_What you are asked to do_
The expected output is each line from the one containing "Gaga city Camicia" to the last line of the data below, set down exactly, minus the pictures.

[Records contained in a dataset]
───

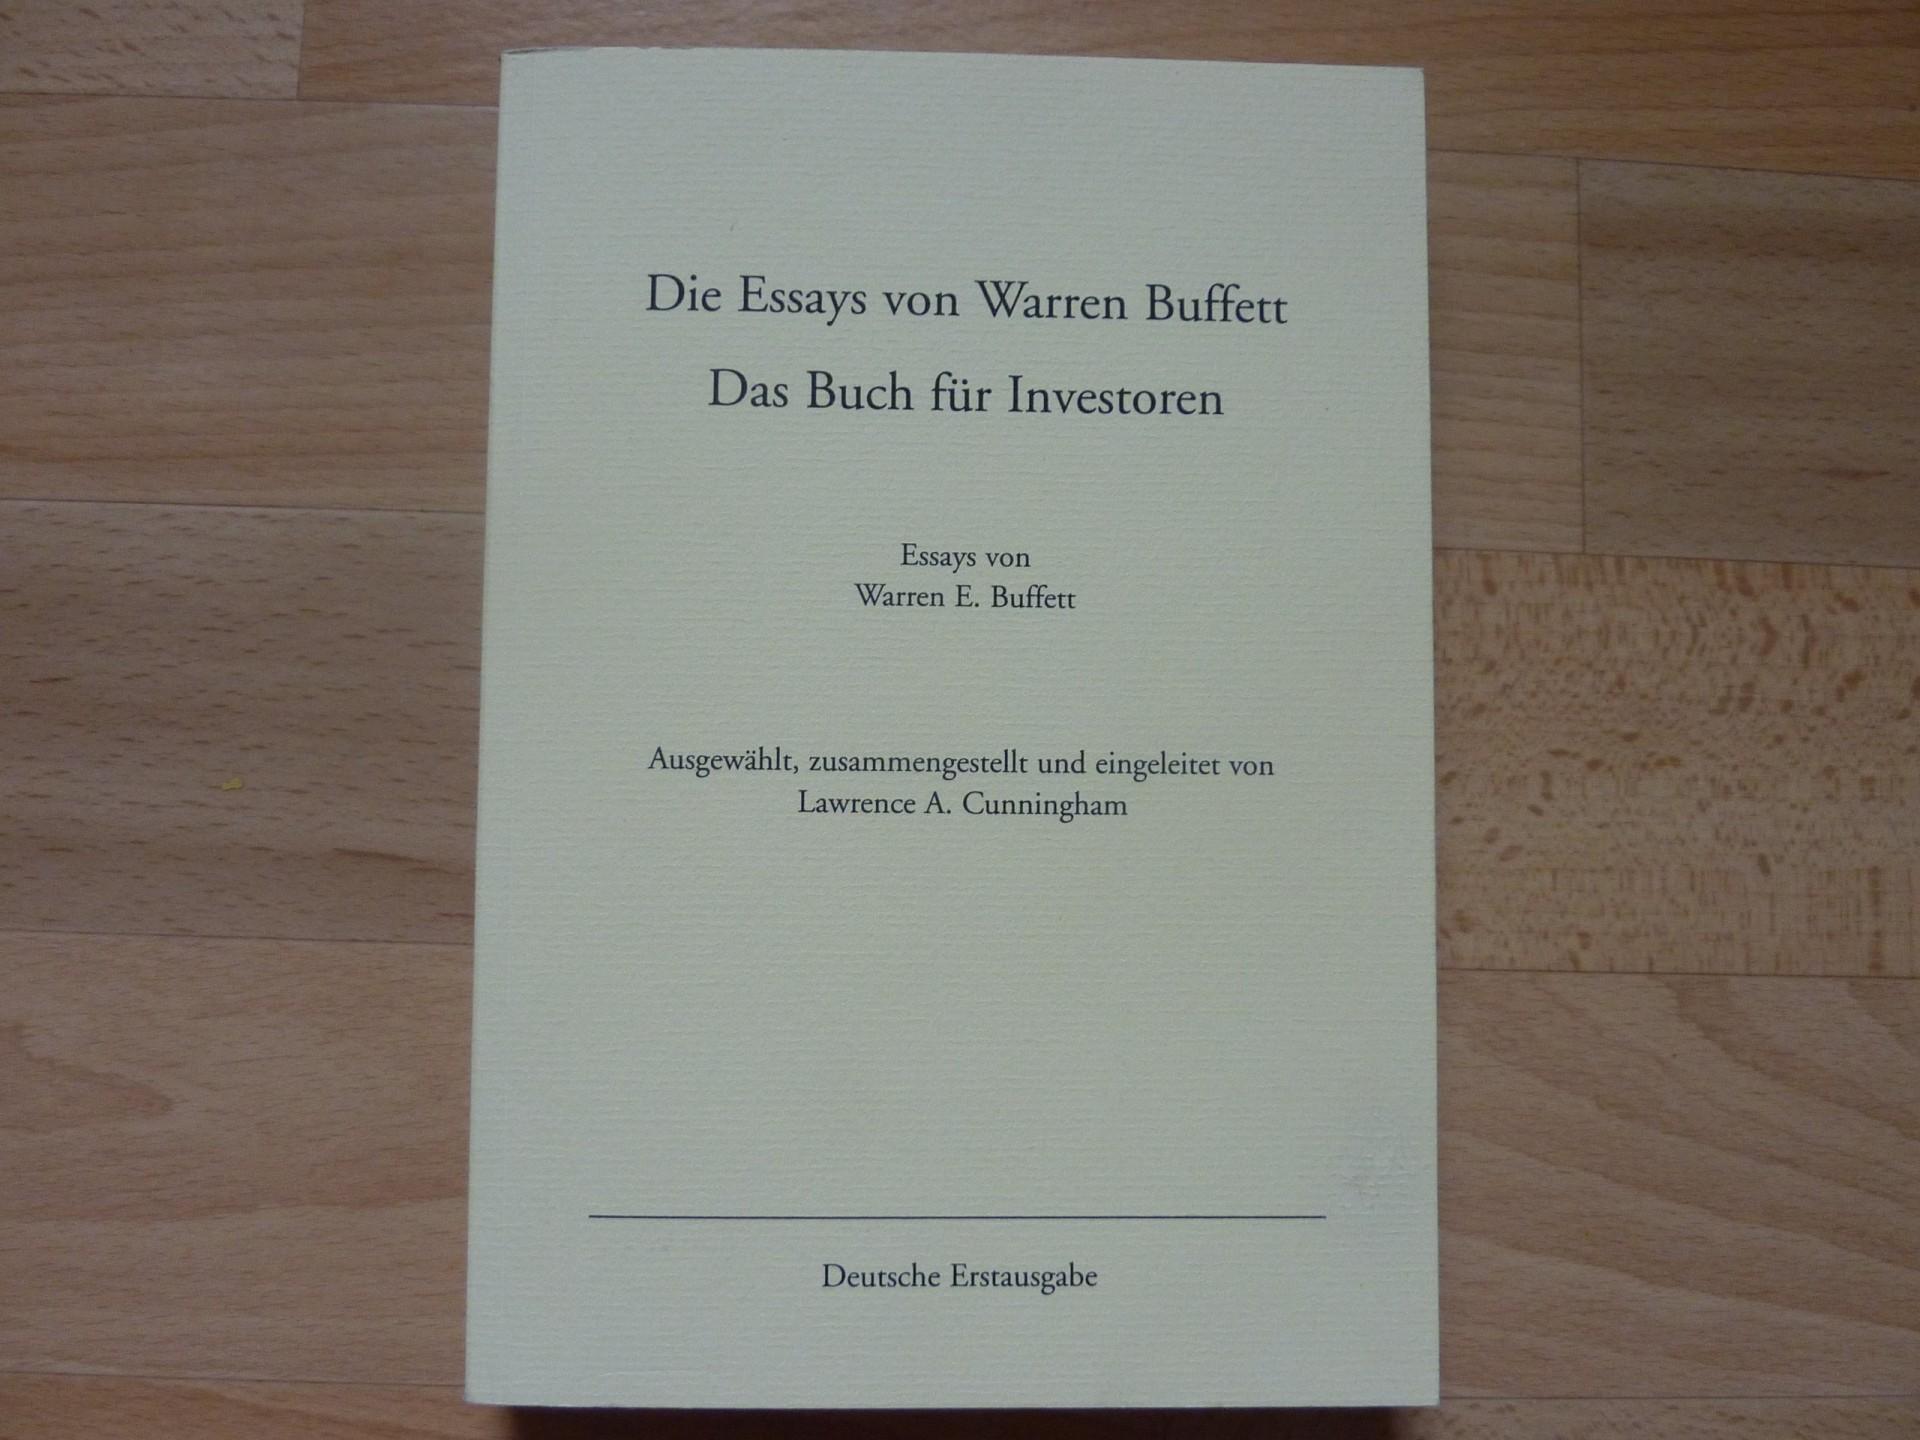 010 9152otplypl Essay Example Die Essays Von Warren Archaicawful Buffett Pdf 1920
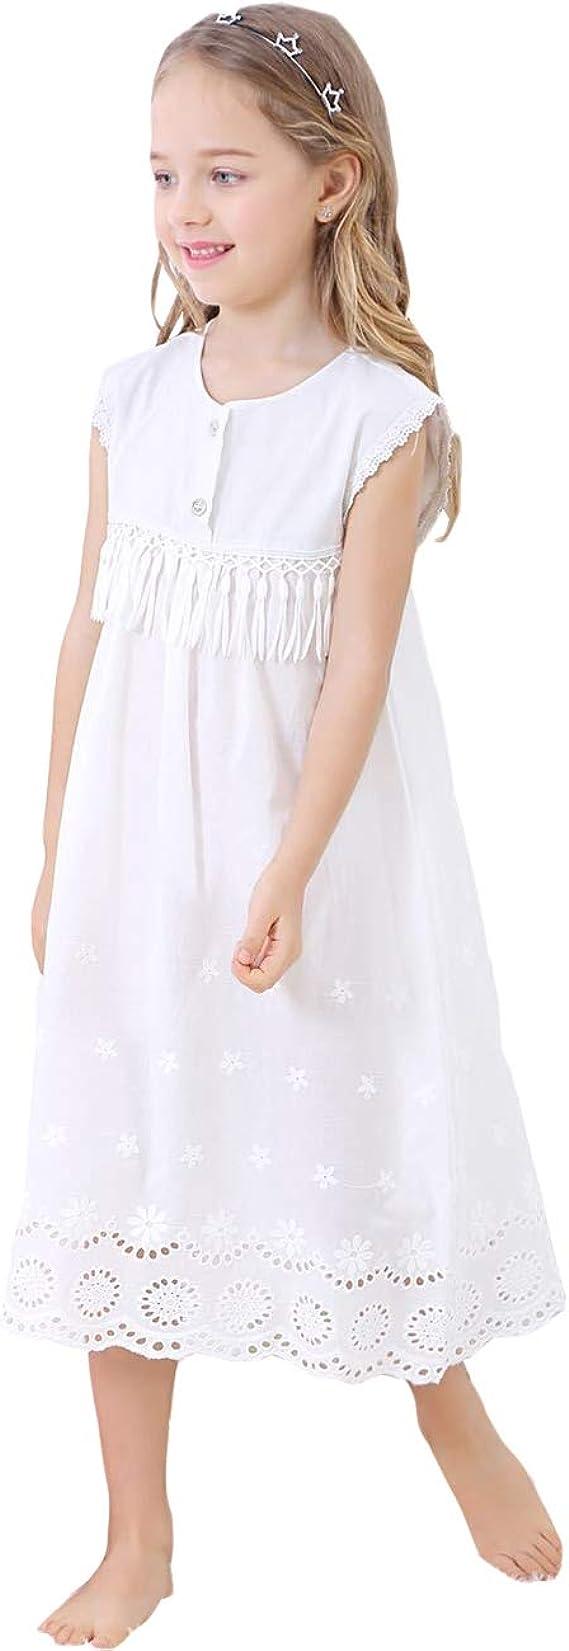 Gaga city Camicia da Notte da Principessa per Donna e Ragazza Abito da Pigiama a Maniche Lunghe Bianco 100/% Comodo Vintage Vestito
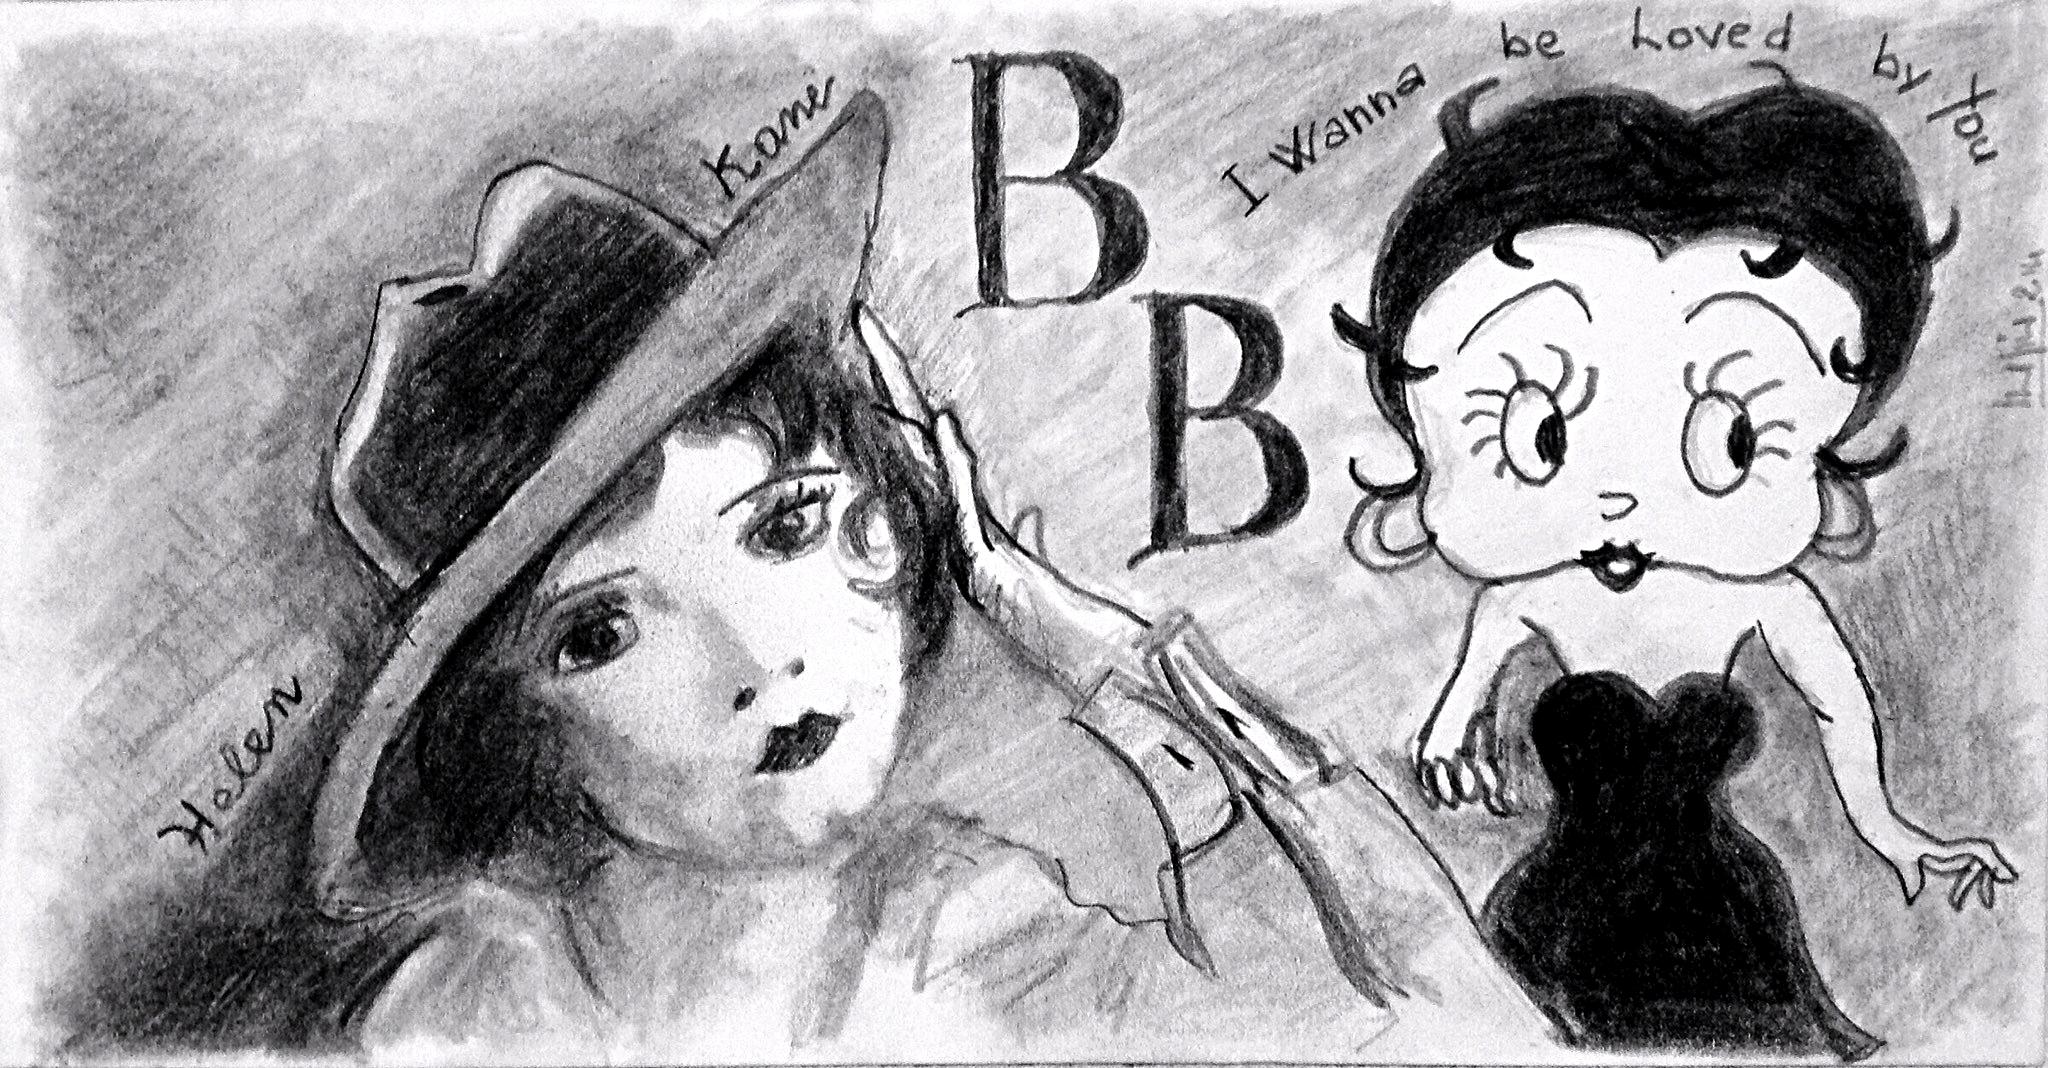 Betty Boop / Helen Krane
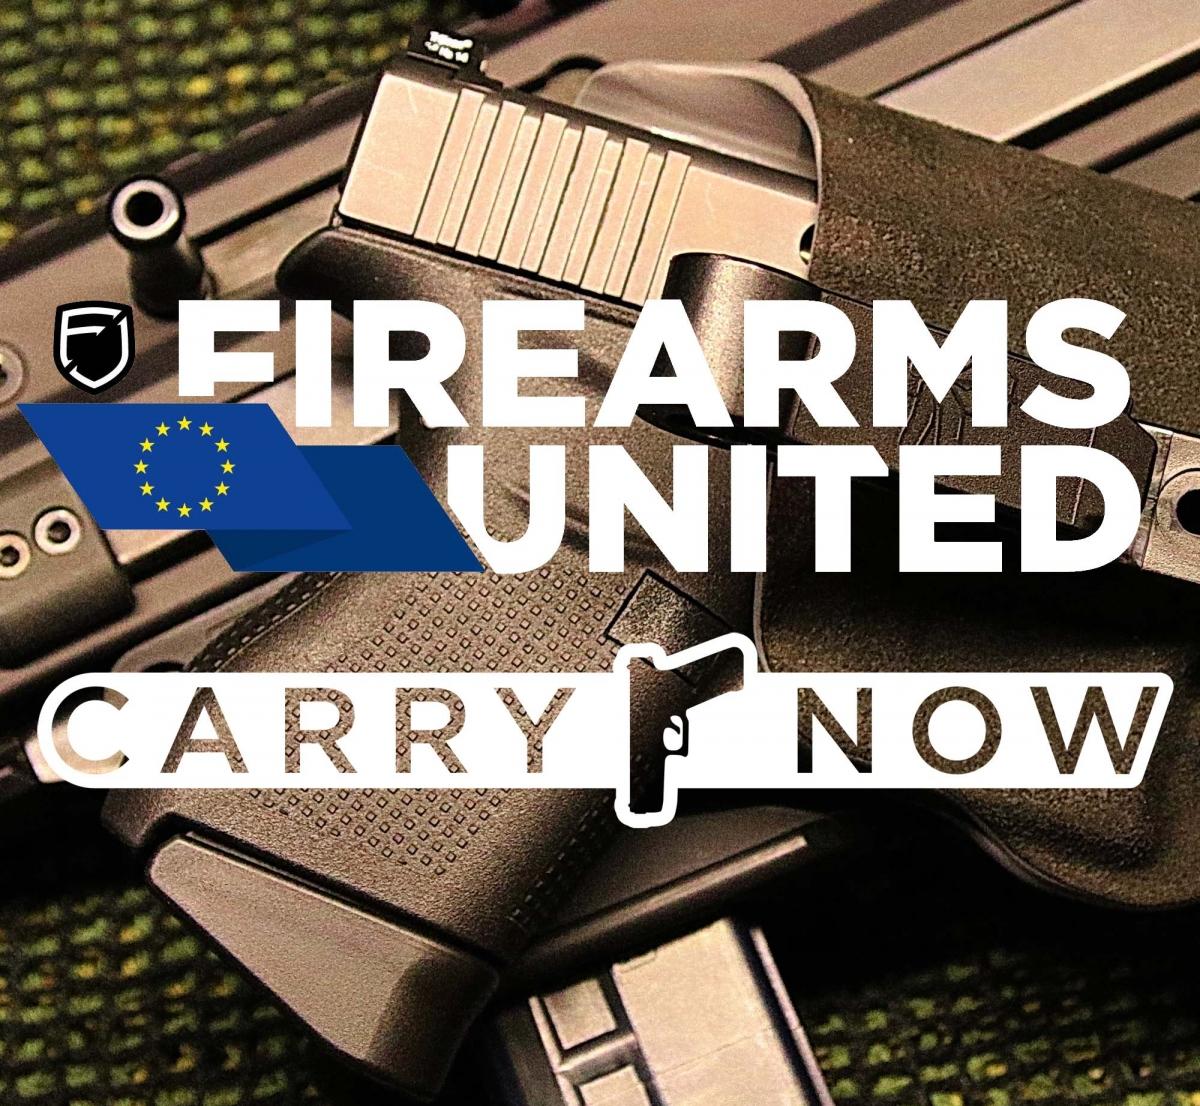 Controllo delle armi: scopi dichiarati e scopi reali a confronto
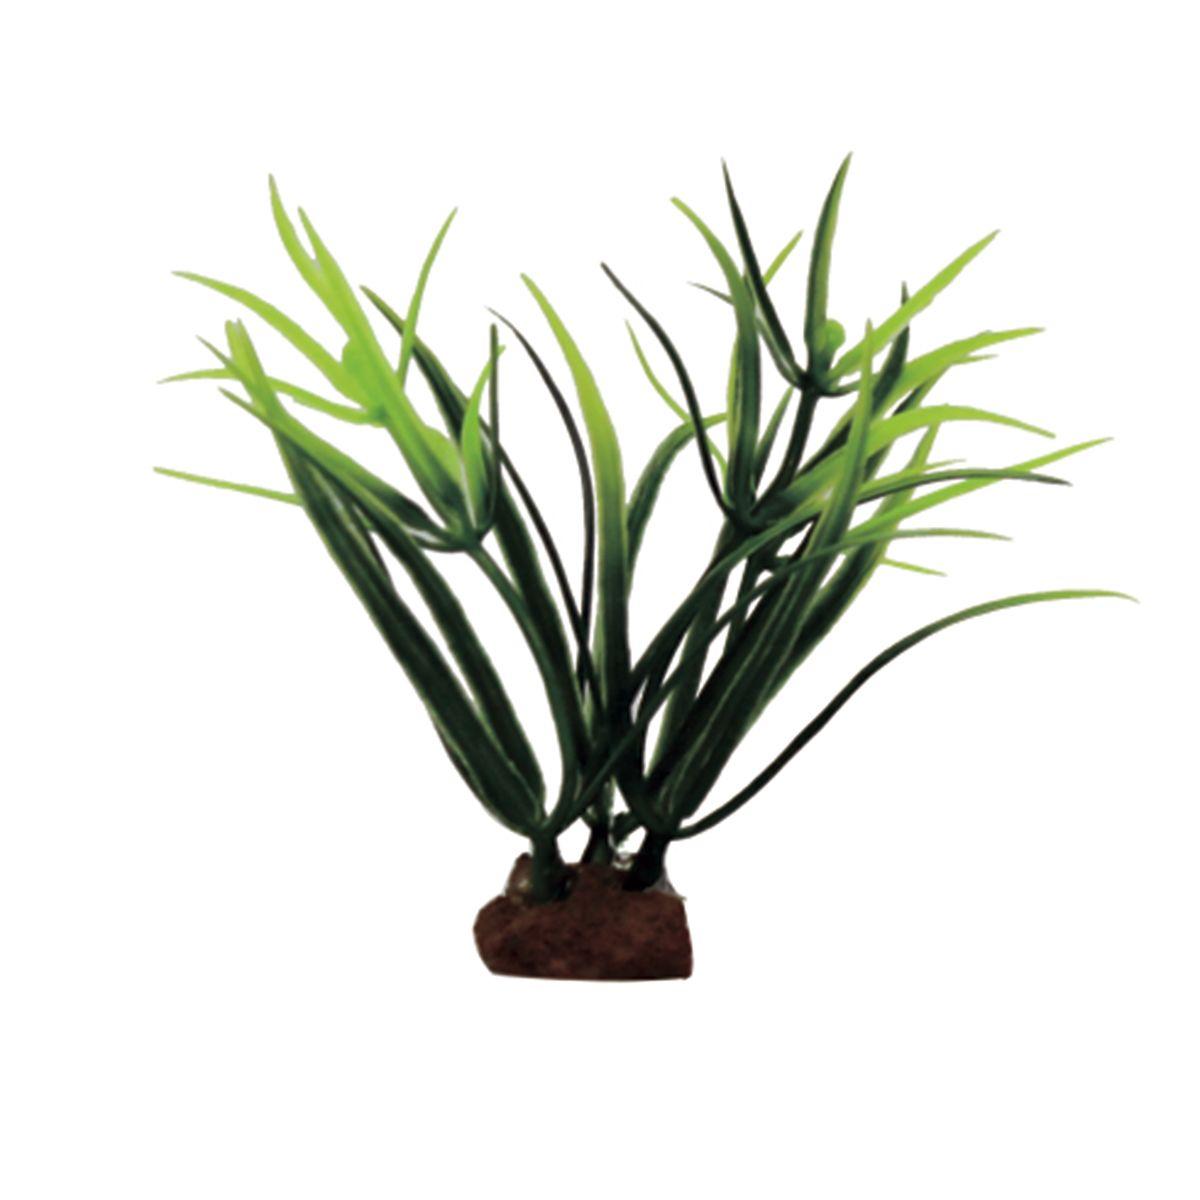 Растение для аквариума ArtUniq Лагаросифон мадагаскарский , высота 10 см, 6 штART-1170525Растение для аквариума ArtUniq Лагаросифон мадагаскарский , высота 10 см, 6 шт

───

_Written answer_
 Gaga city Camicia da Notte da Principessa per Donna e Ragazza Abito da Pigiama a Maniche Lunghe Bianco 100/% Comodo Vintage Vestito
 Betty Boop / Helen Krane
 Controllo delle armi: scopi dichiarati e scopi reali a confronto
 Растение для аквариума ArtUniq Лагаросифон мадагаскарский , высота 10 см, 6 штART-1170525Растение для аквариума ArtUniq Лагаросифон мадагаскарский , высота 10 см, 6 шт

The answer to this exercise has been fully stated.